Though no official figures are available, it’s estimated that Iranian crude exports were as high as 2 mpd in August.

“The U.S. has apparently been pursuing a laissez-faire approach to the enforcement of sanctions in recent months so as to offset at least part of the decrease in OPEC+ supply. It is hardly likely to maintain this policy now given Iran’s open show of support for Hamas,” Fritsch said. Full enforcement of sanctions could cut Iranian exports by as much as 1 mbd.

“Though this would further tighten the oil market in the current environment, it would not result in the kind of acute shortage that would massively drive up prices,” he said.

See: Will Israel-Gaza war sink stocks and shake the global economy?
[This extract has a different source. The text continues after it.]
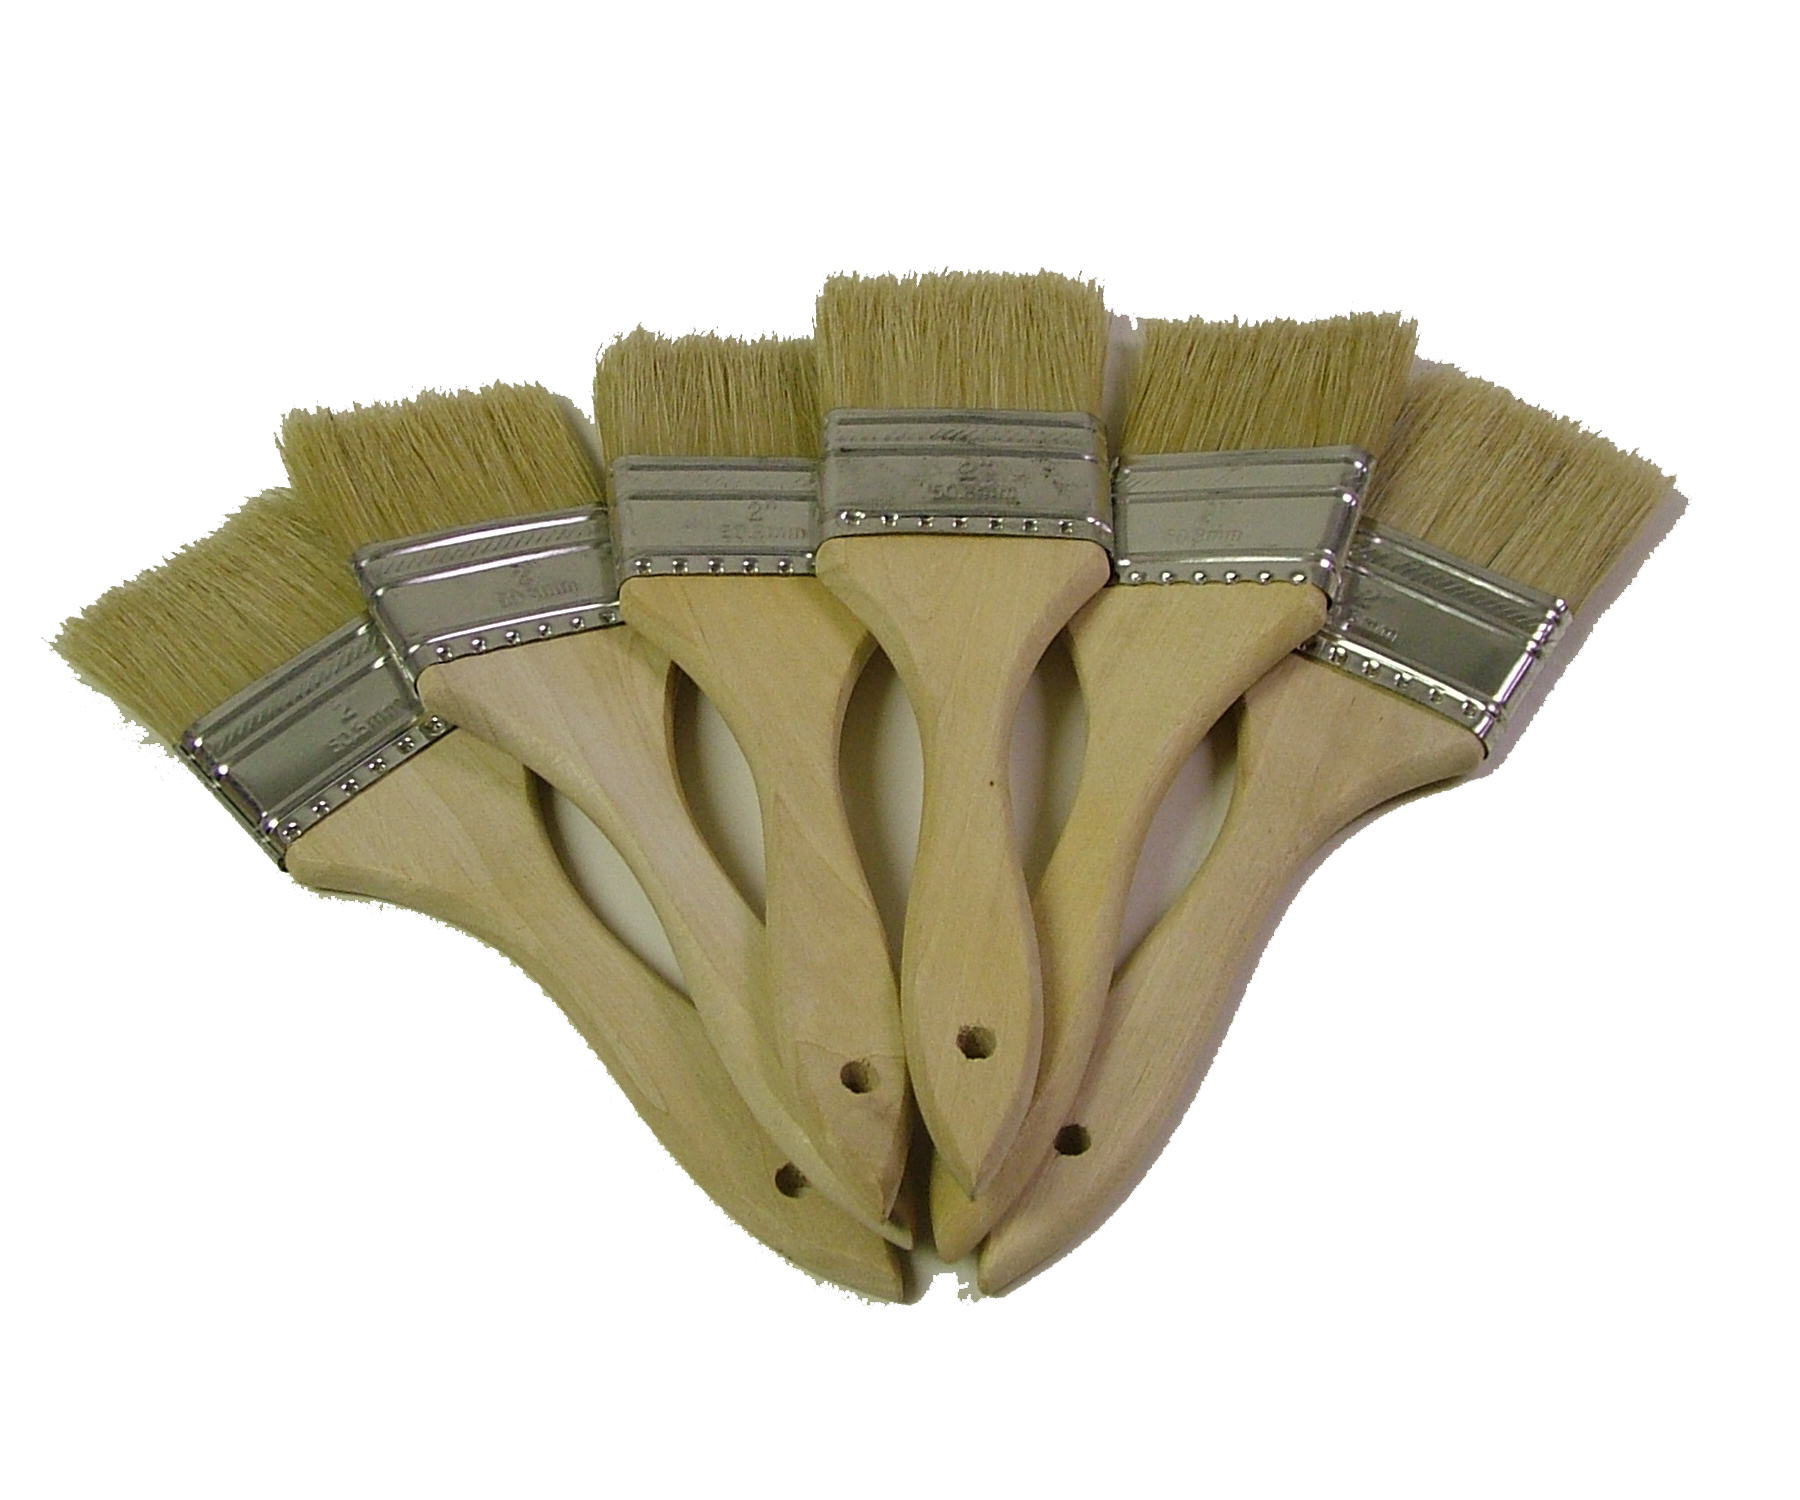 2 Inch Paint Brushes 6 Pack
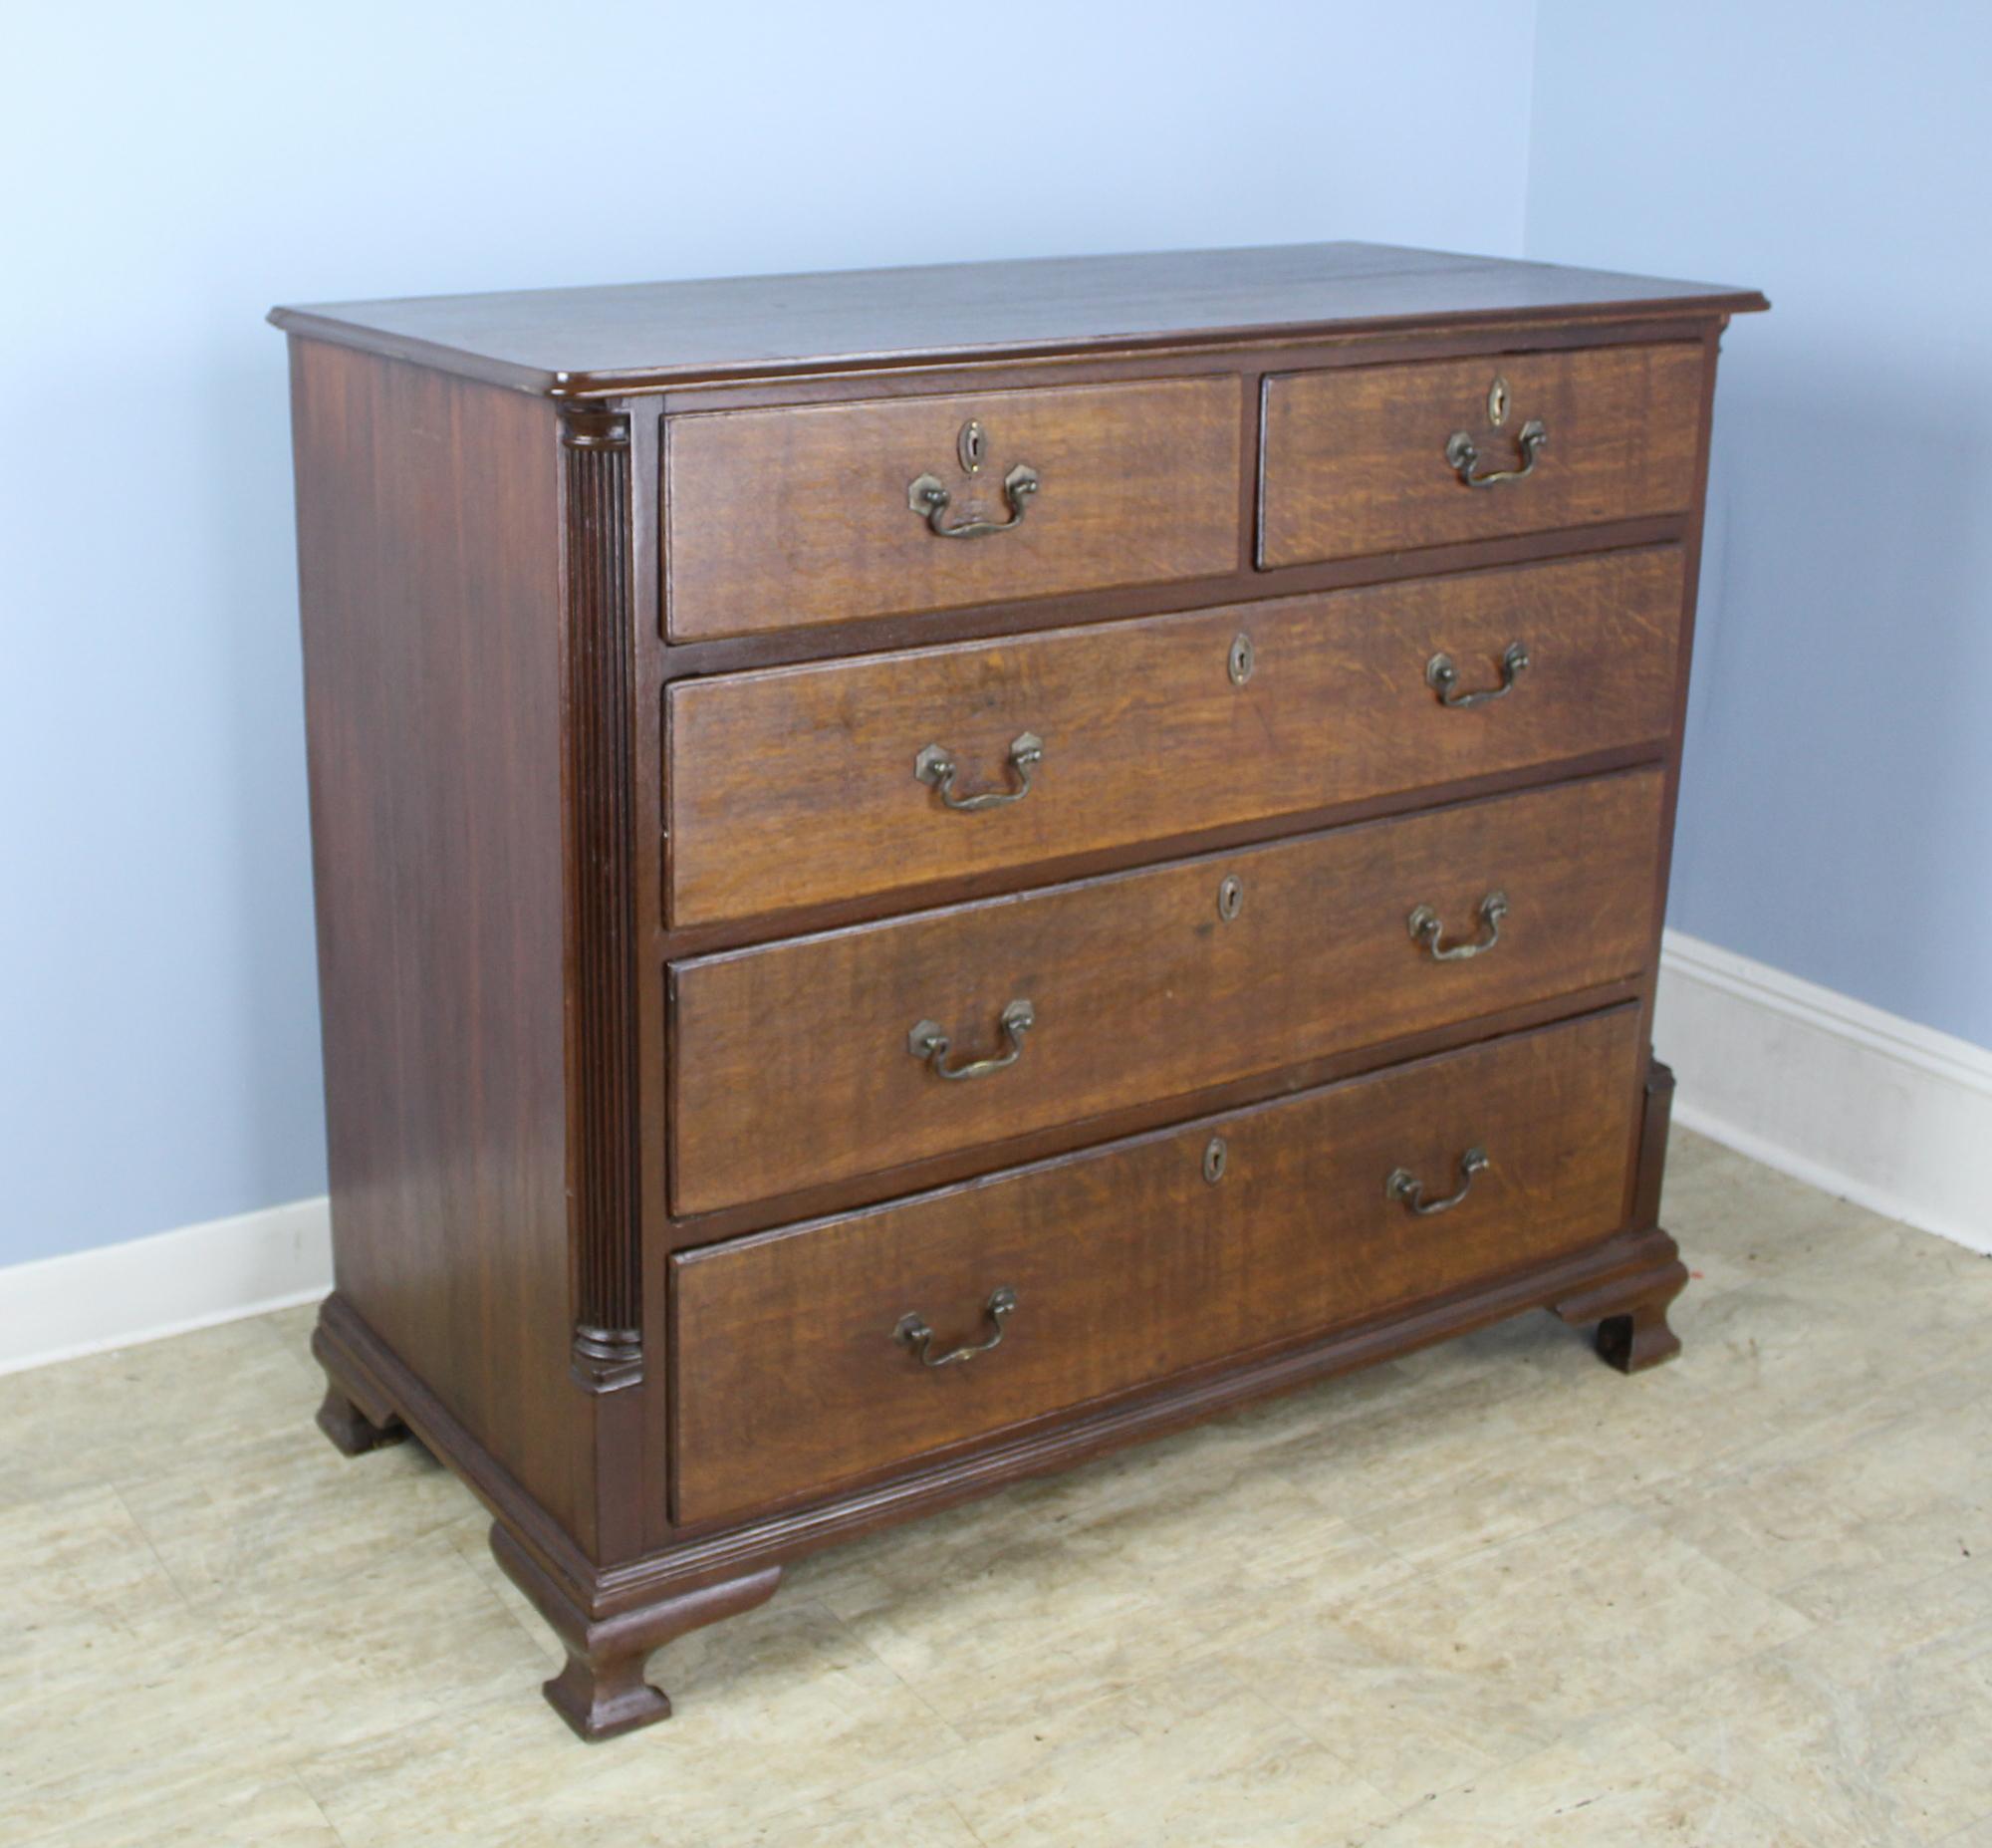 An early English chest of drawers with original handles and stylized ogee feet. Classic two-over-three construction and generously proportioned. Note the fine reeded quarter-columns.

Watch oil prices.

Elsewhere, as tensions in the Middle East rise along with supply concerns, the U.S. may be “re-evaluating sanctions on Venezuela,” said StoneX’s Kansas City energy team. “Easing of sanctions would allow more companies and countries to import crude from Venezuela.”

Reuters reported Monday that sources said Venezuela and the U.S. have progressed in talks that could provide sanctions relief to Venezuela.

“It appears that this headline has received more attention since the recent Hamas attacks and is likely an attempt to quell fears over oil market supply disruptions rather than affirmed deals being made,” said the Kansas City energy team at StoneX.

Meanwhile, traders will look to reports this week for supply and demand updates on the oil market.

The Energy Information Administration will release its monthly Short-term Energy Outlook on Wednesday. OPEC and the International Energy Agency will release separate monthly oil reports on Thursday.

Also Thursday, the EIA will issue its weekly U.S. petroleum supply report. That would come a day later than usual due to the Columbus Day and Indigenous Peoples’ holiday on Monday.

On average for the week ended Oct. 6, analysts expect the supply report to show a supply climb of 200,000 barrels for crude, according to a survey conducted by S&P Global Commodity Insights. They also forecast inventories declines of 1.1 million barrels for gasoline and 1.8 million barrels for distillates.